[PATCH] wil6210: remove obsolete msm platform code
Arnd Bergmann
arnd at arndb.de
Thu Oct 2 05:11:22 PDT 2014
On Thursday 02 October 2014 14:29:06 Vladimir Kondratiev wrote:
> On Tuesday, September 30, 2014 05:48:20 PM Arnd Bergmann wrote:
> > The wil6210 driver has a glue layer for the Qualcomm MSM platform
> > code, which apparently could never build and is unlikely to
> > ever be able to in the future, as the MSM platform is being phased
> > out in favor of the new QCOM platform, and the driver relies
> > on out-of-tree infrastructure. Trying to build it currently
> > results in this error:
> >
> > drivers/net/wireless/ath/wil6210/wil_platform_msm.c:19:27: fatal error: linux/msm-bus.h: No such file or directory
> >
> > Removing the driver fixes the build and makes it possible to
> > build an allmodconfig kernel for MSM.
> >
> > Signed-off-by: Arnd Bergmann <arnd at arndb.de>
> >
>
> We are investigating this, looking for the appropriate solution.

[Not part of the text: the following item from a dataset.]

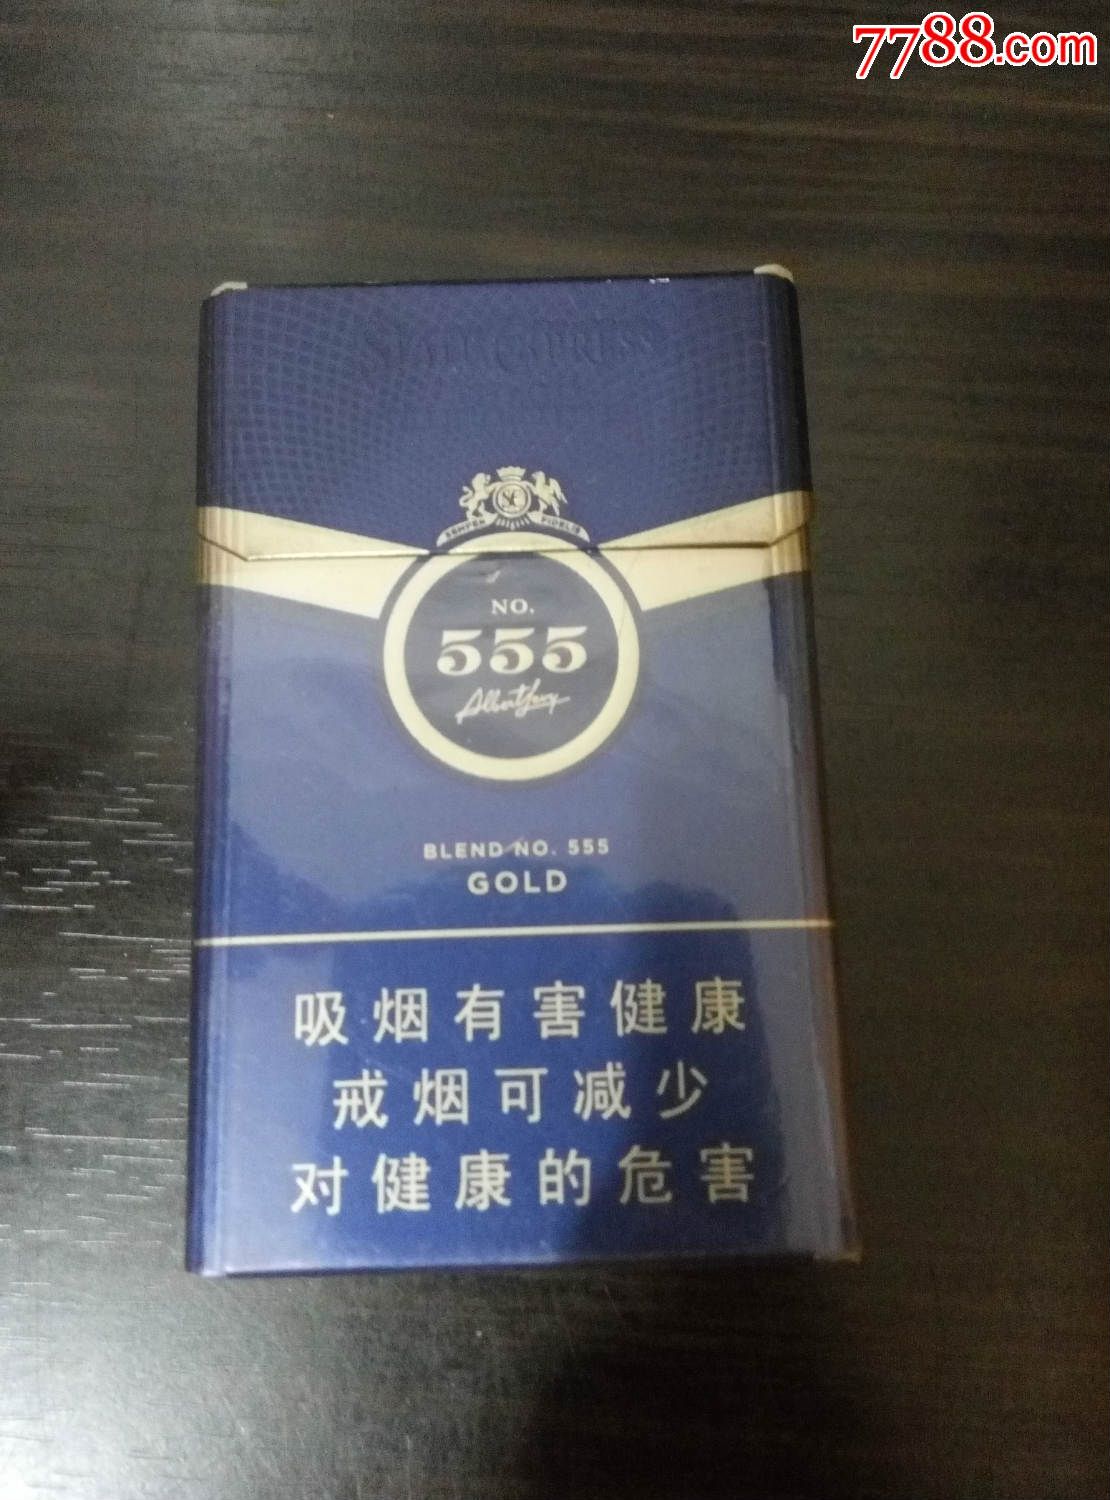 555香烟所有图片大全图片

> Thanks for pointing to this.
FWIW, I took a closer look at the actual driver code now. It's
actually worse than I thought and I don't see any possible way
out other than removing this driver completely and starting a
new one, if you want to use it for mach-qcom. I hadn't realized
before that this is actually new code rather than ancient bitrot
that suddenly started causing problems.
Some of the worst problems are:
- the driver scans for DT properties that are completely
undocumented and have not been reviewed
- if they had been reviewed, the first comment you would have
received is that the binding makes no sense: you scan for
another node rather than taking the node you already have for
the PCI device, then pass data into a random soc-specific
driver API that is not part of the upstream kernel.
- as mentioned in the my patch above, the code has never been
compiled on a mainline kernel and now breaks builds.
I think the only way forward is to have the platform support for
whatever chip this is meant for reviewed and merged first and
then you can write a new glue driver for the interfaces we end
up putting into the kernel.
My guess is that with proper interfaces between the platform
bus driver and the wil driver glue, there would be very little
left in terms of interface and you can just call a generic
interface from the PCI driver, passing the 'struct device'
for the PCI dev in to an exported interface when provided.